(TASK STATEMENT)
With the pictures left out, set down the line containing "nike shoes online greece" and each line after it to the end of the material, exactly as written.

(EXERCISE DATA)
========================

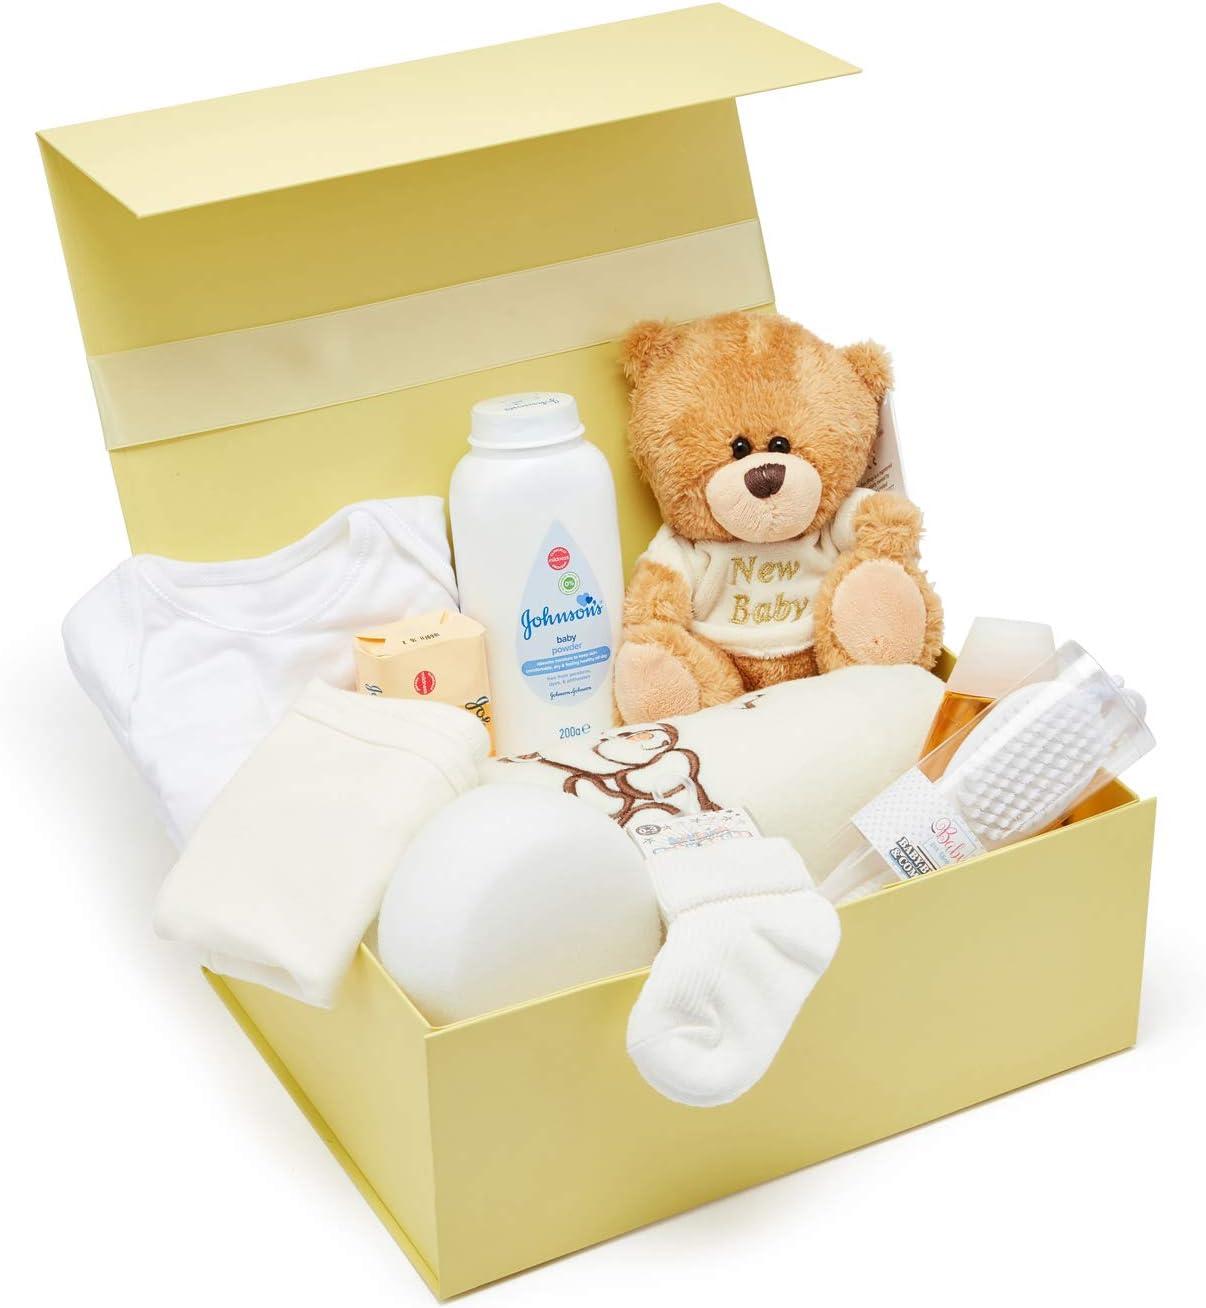 Cesta regalo beb/é ni/ño para baby shower con todo lo esencial para bebes reci/én nacidos con osito de peluche y caja de recuerdos azul Baby Box Shop
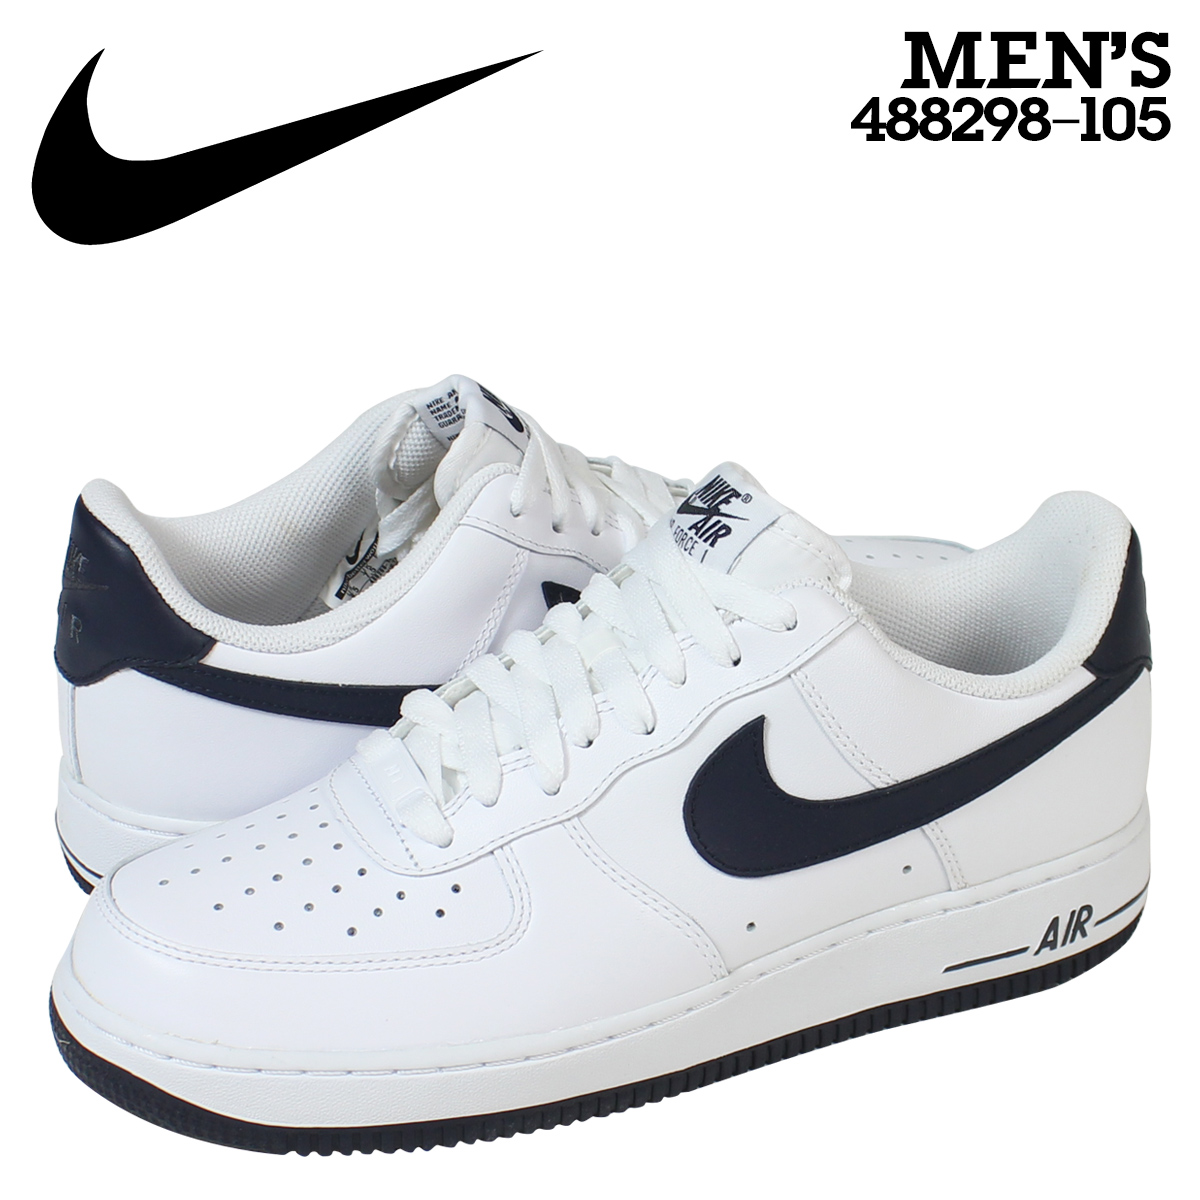 nike shoes online greece
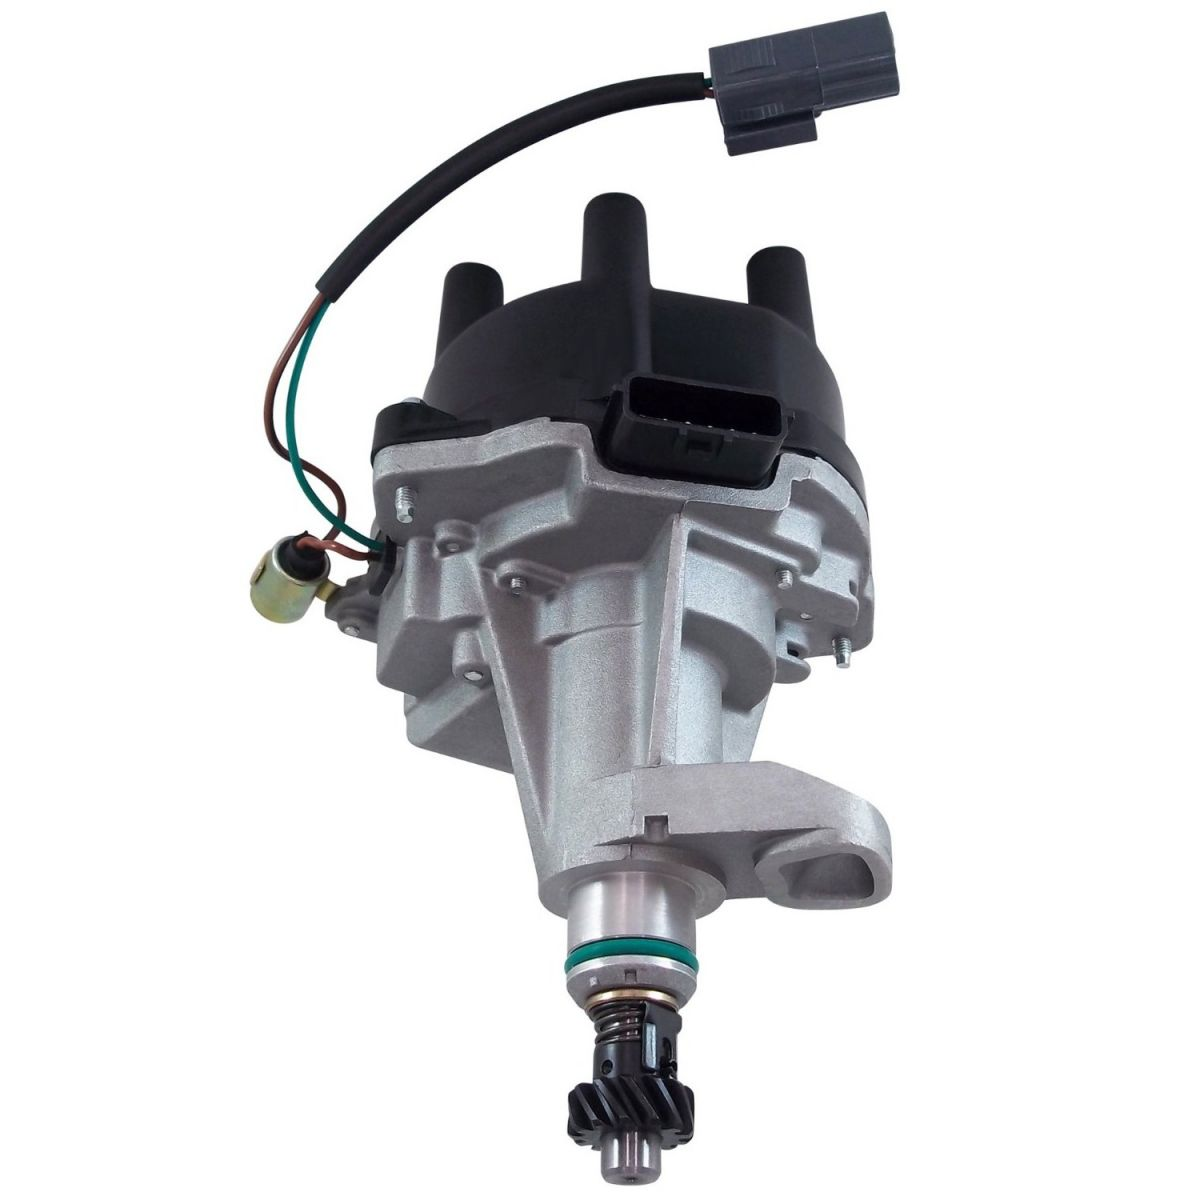 Distribuidor Ignicao Nissan Pathfinder 3.3 V6 Sohc Gasolina De 1996 À 2000
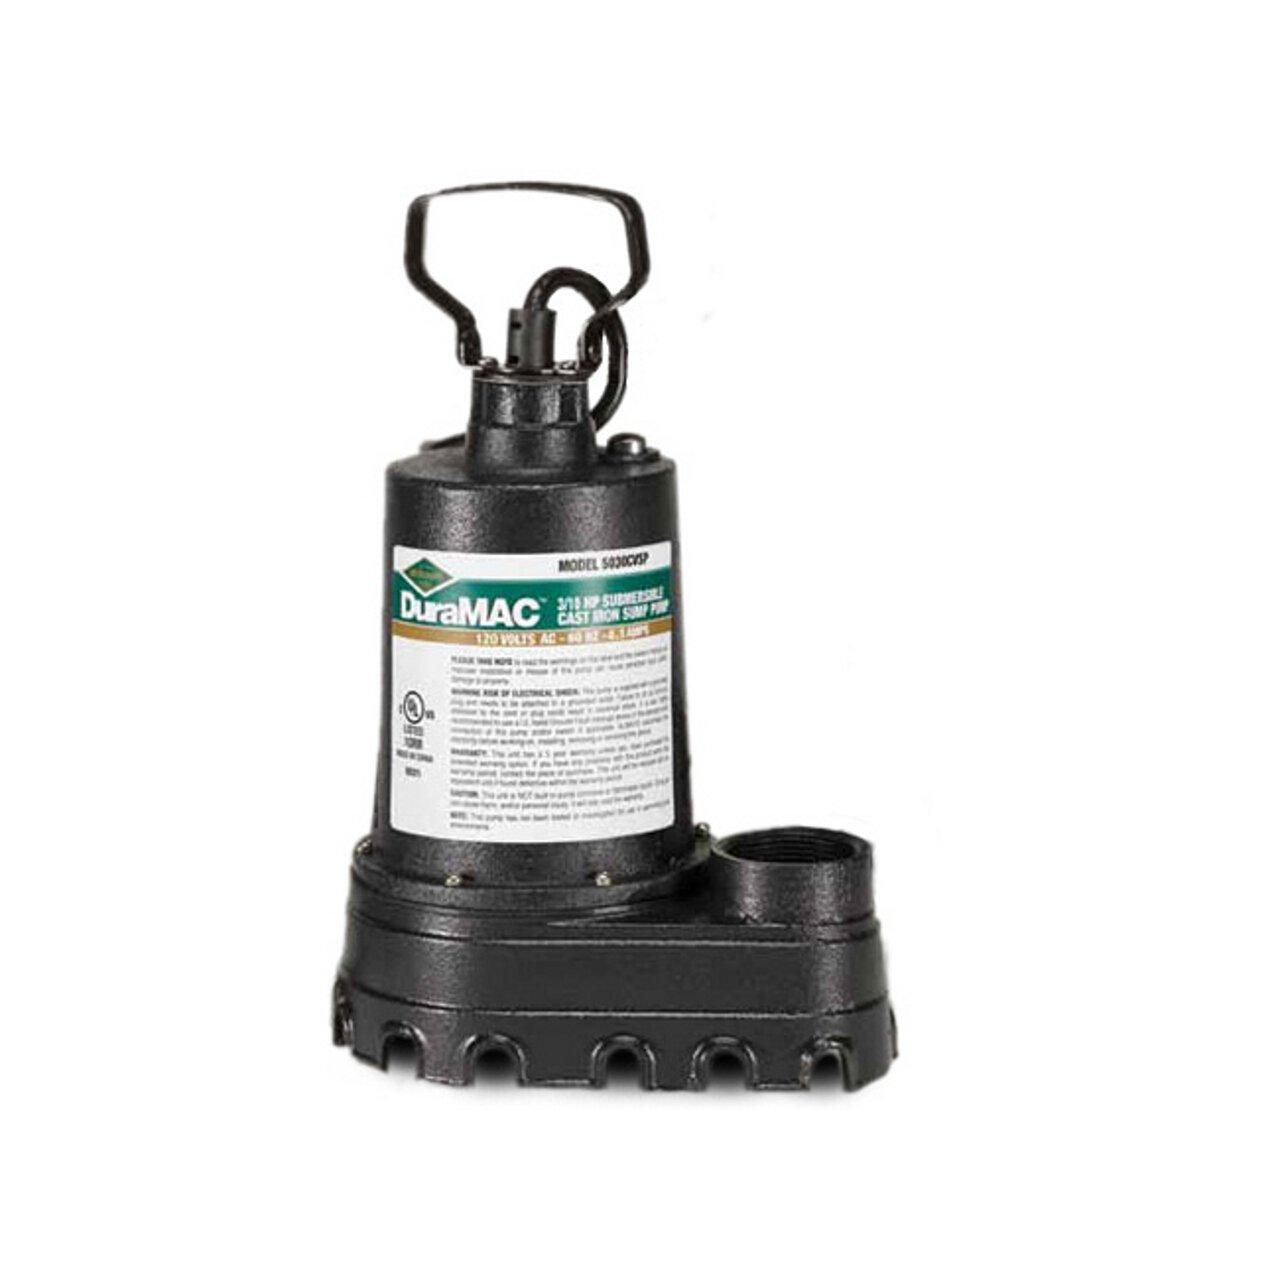 AY McDonald 6190-162 5030CUSP Cast Iron Sump Pump, 3/10 HP

========================

(RESULT OF THE EXERCISE)
 nike shoes online greece
 Distribuidor Ignicao Nissan Pathfinder 3.3 V6 Sohc Gasolina De 1996 À 2000
 AY McDonald 6190-162 5030CUSP Cast Iron Sump Pump, 3/10 HP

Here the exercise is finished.